REQUIRED WORK
Reproduce the material below only from the line with "Buy Moschino for" to the line with "A person joyfully", both included, keeping each line exact and dropping the pictures.

EXCERPTED DATA

((

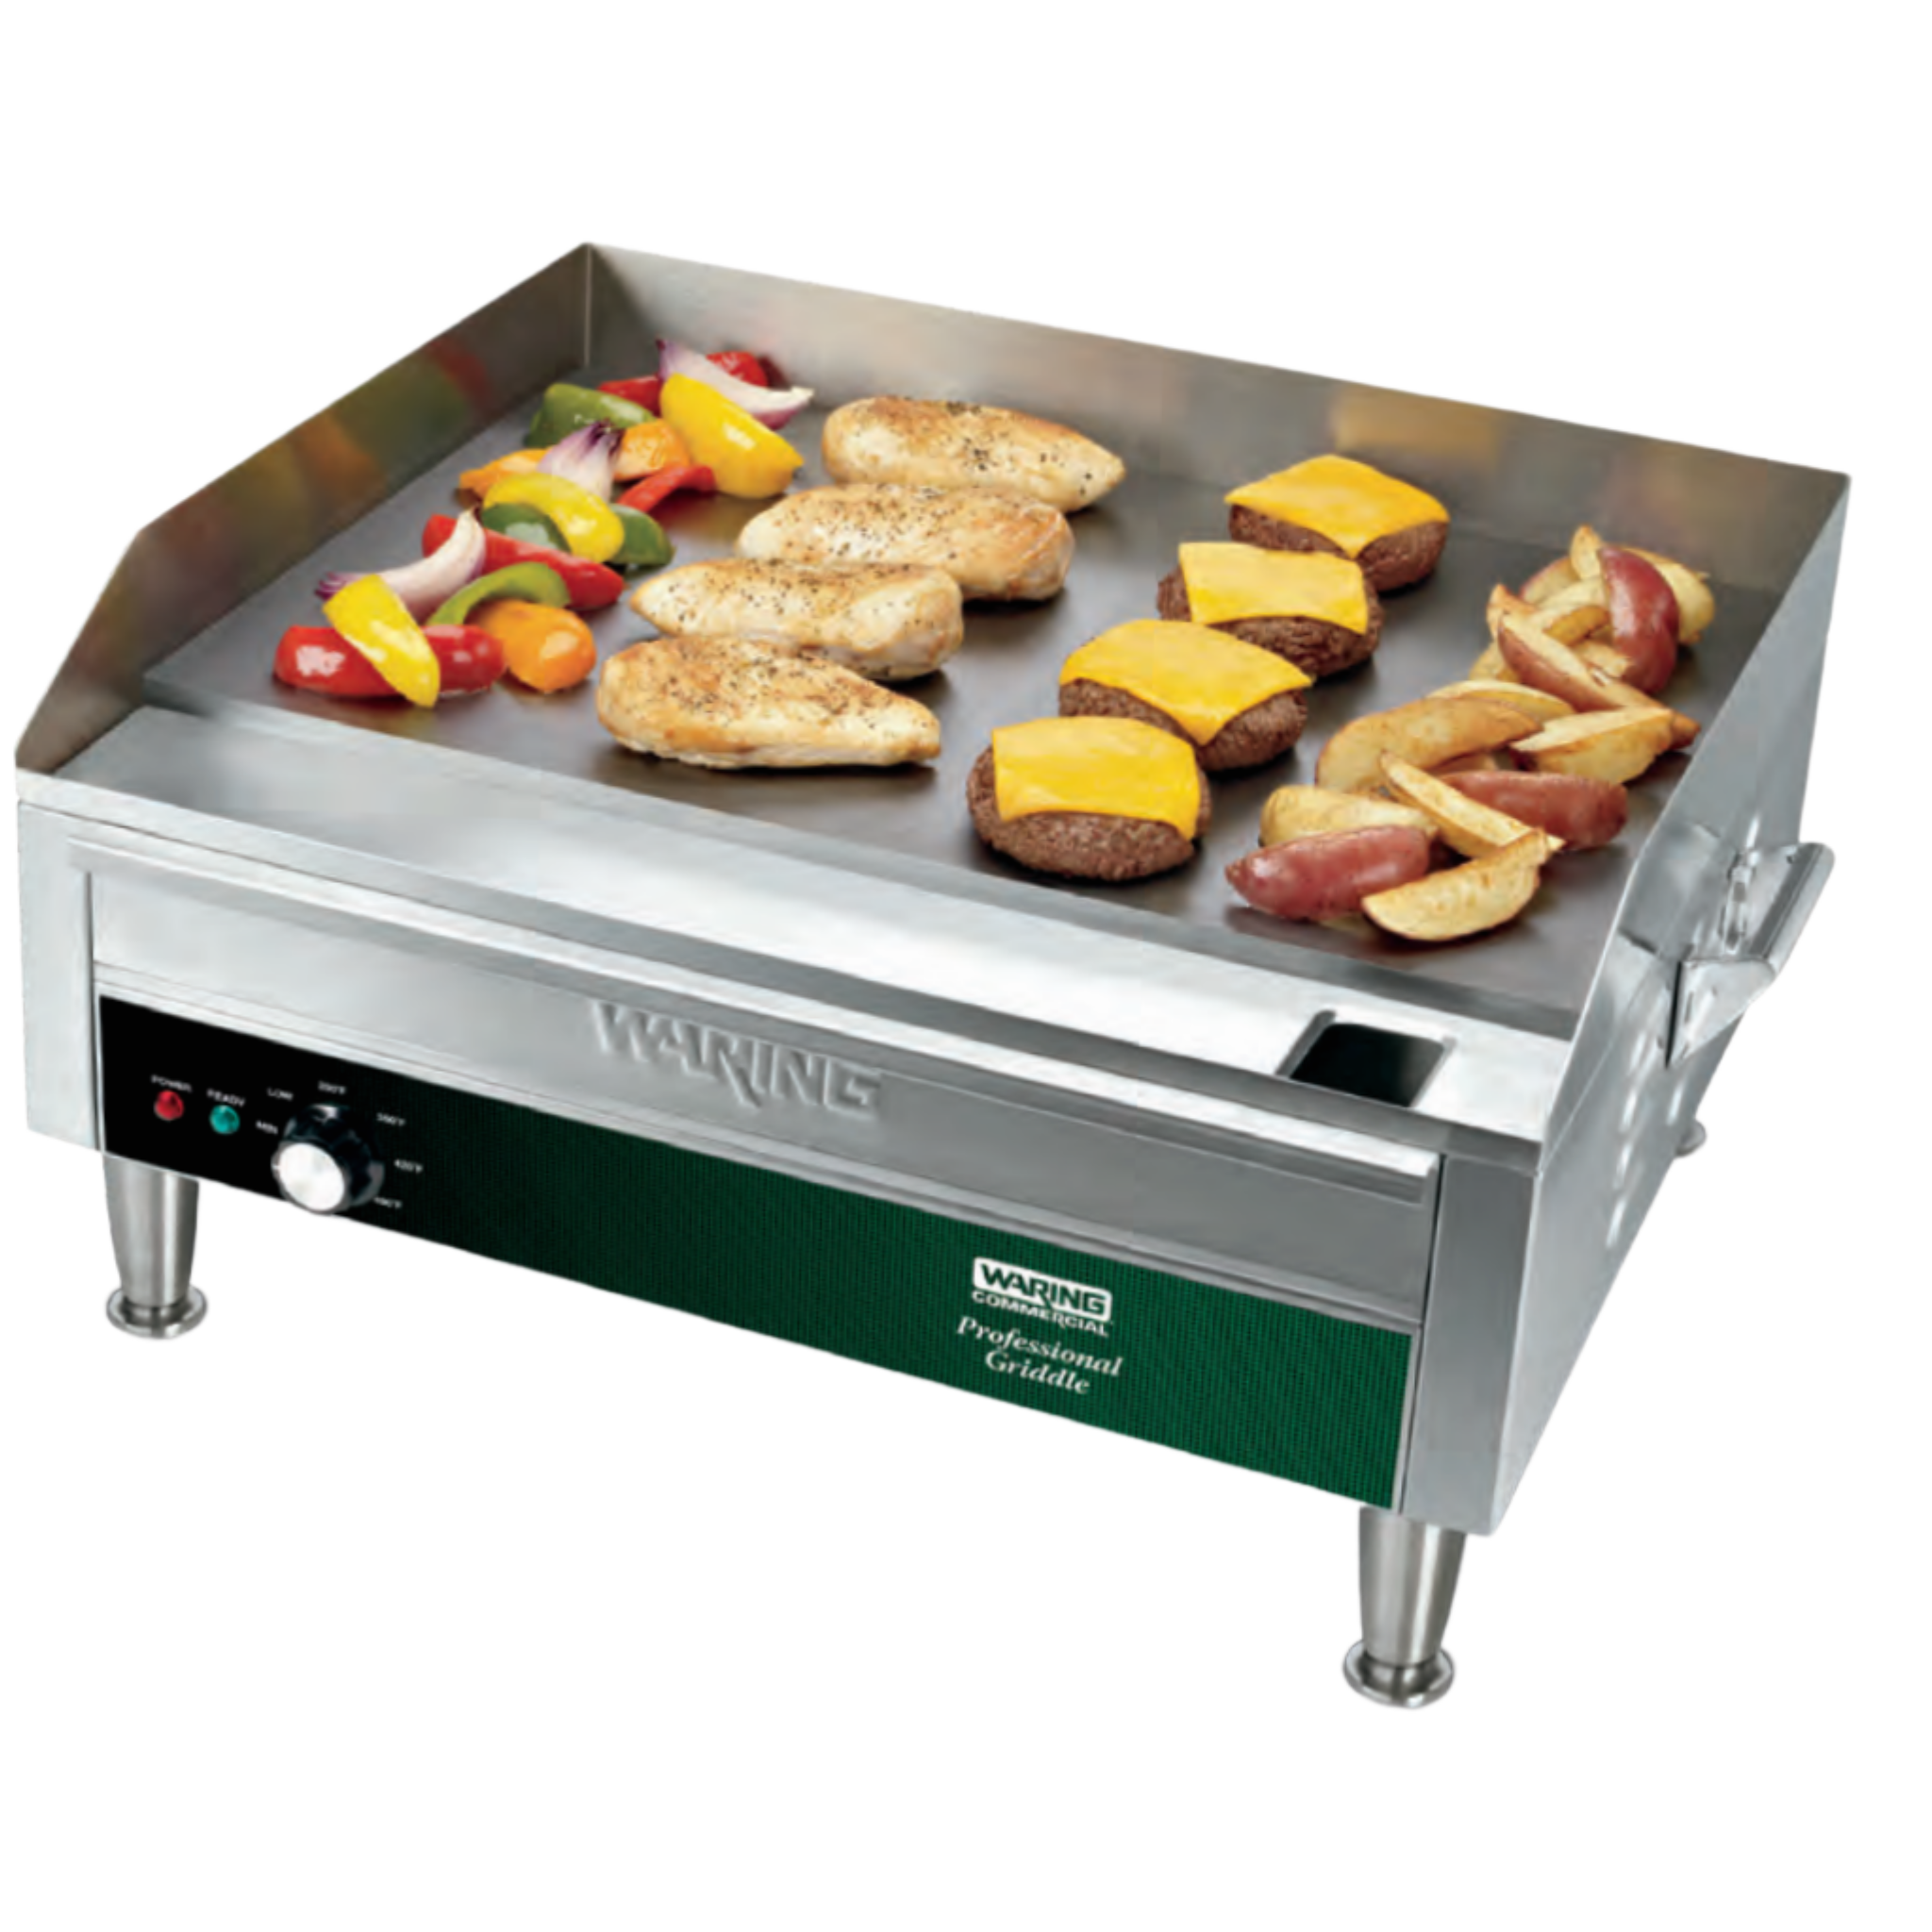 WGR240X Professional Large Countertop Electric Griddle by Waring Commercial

))
((

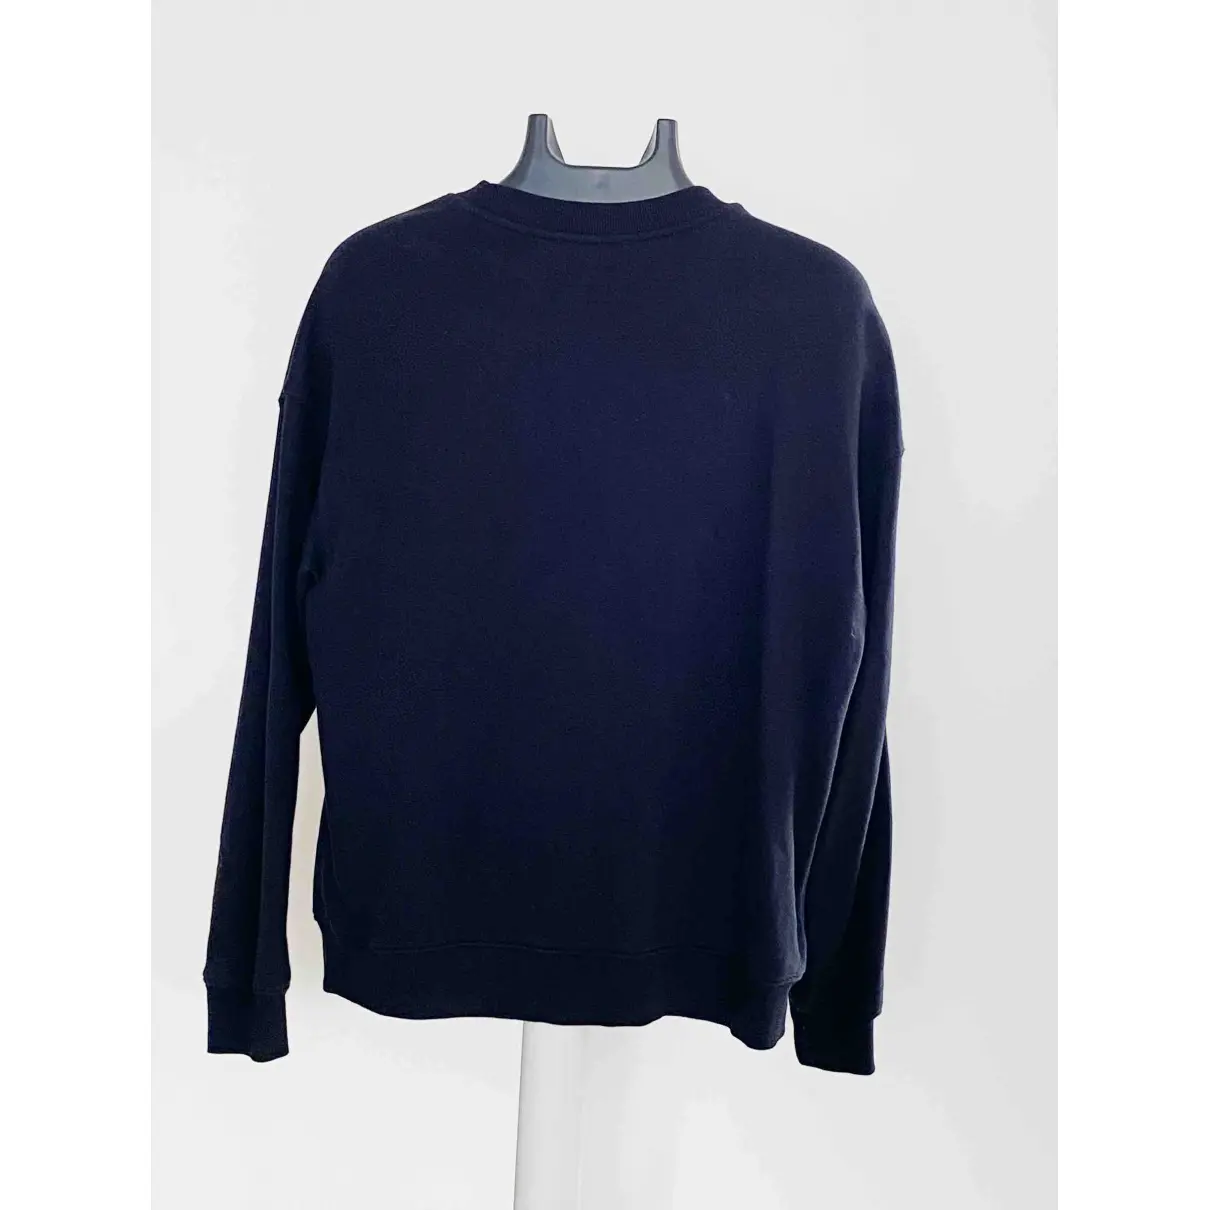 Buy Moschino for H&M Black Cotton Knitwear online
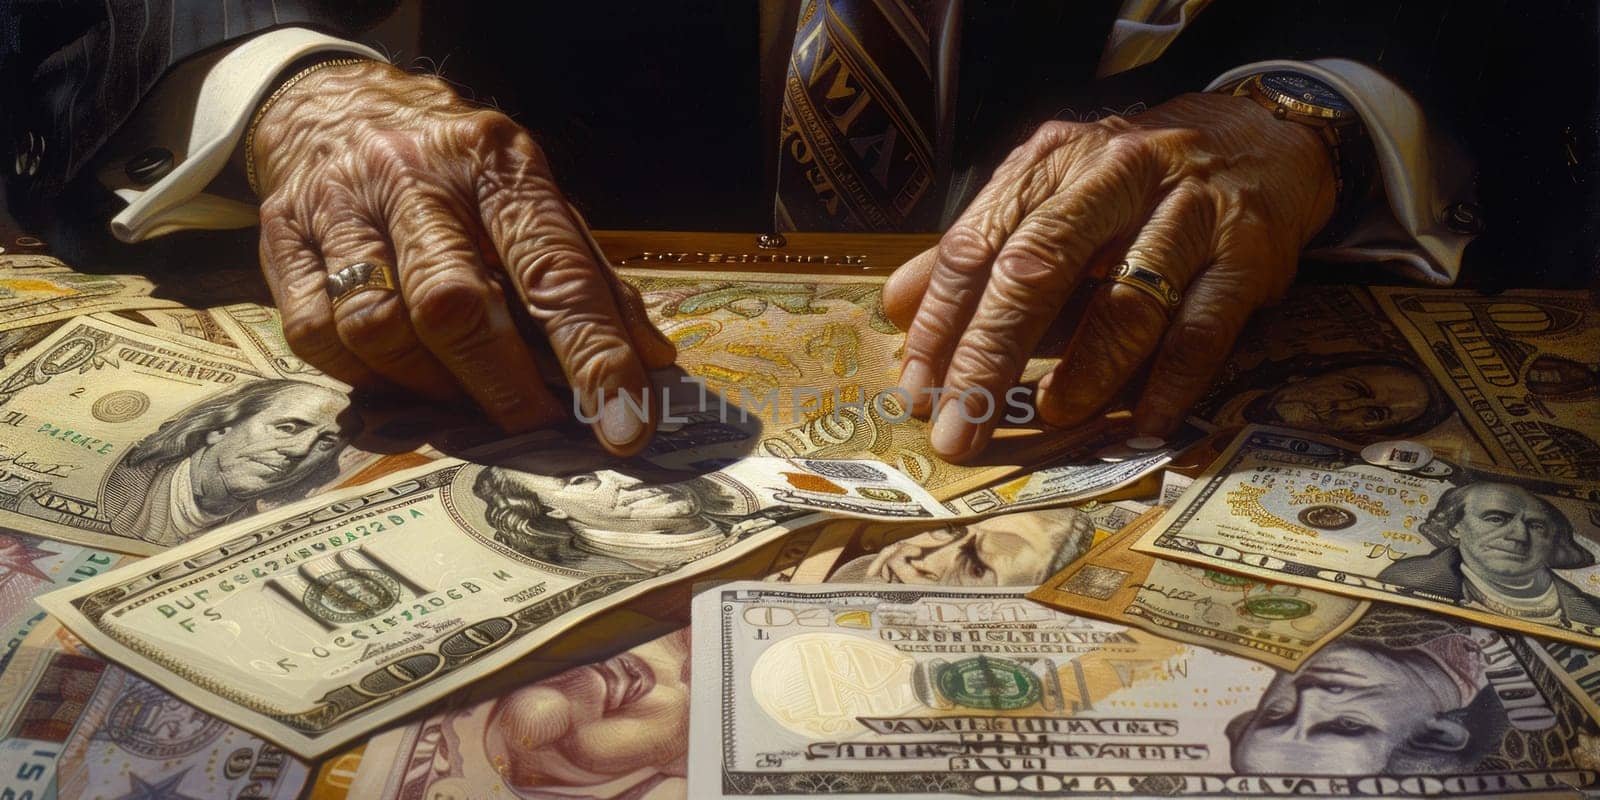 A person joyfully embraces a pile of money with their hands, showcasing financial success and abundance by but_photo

))

ANSWER TO THIS TASK
 Buy Moschino for H&M Black Cotton Knitwear online
 A person joyfully embraces a pile of money with their hands, showcasing financial success and abundance by but_photo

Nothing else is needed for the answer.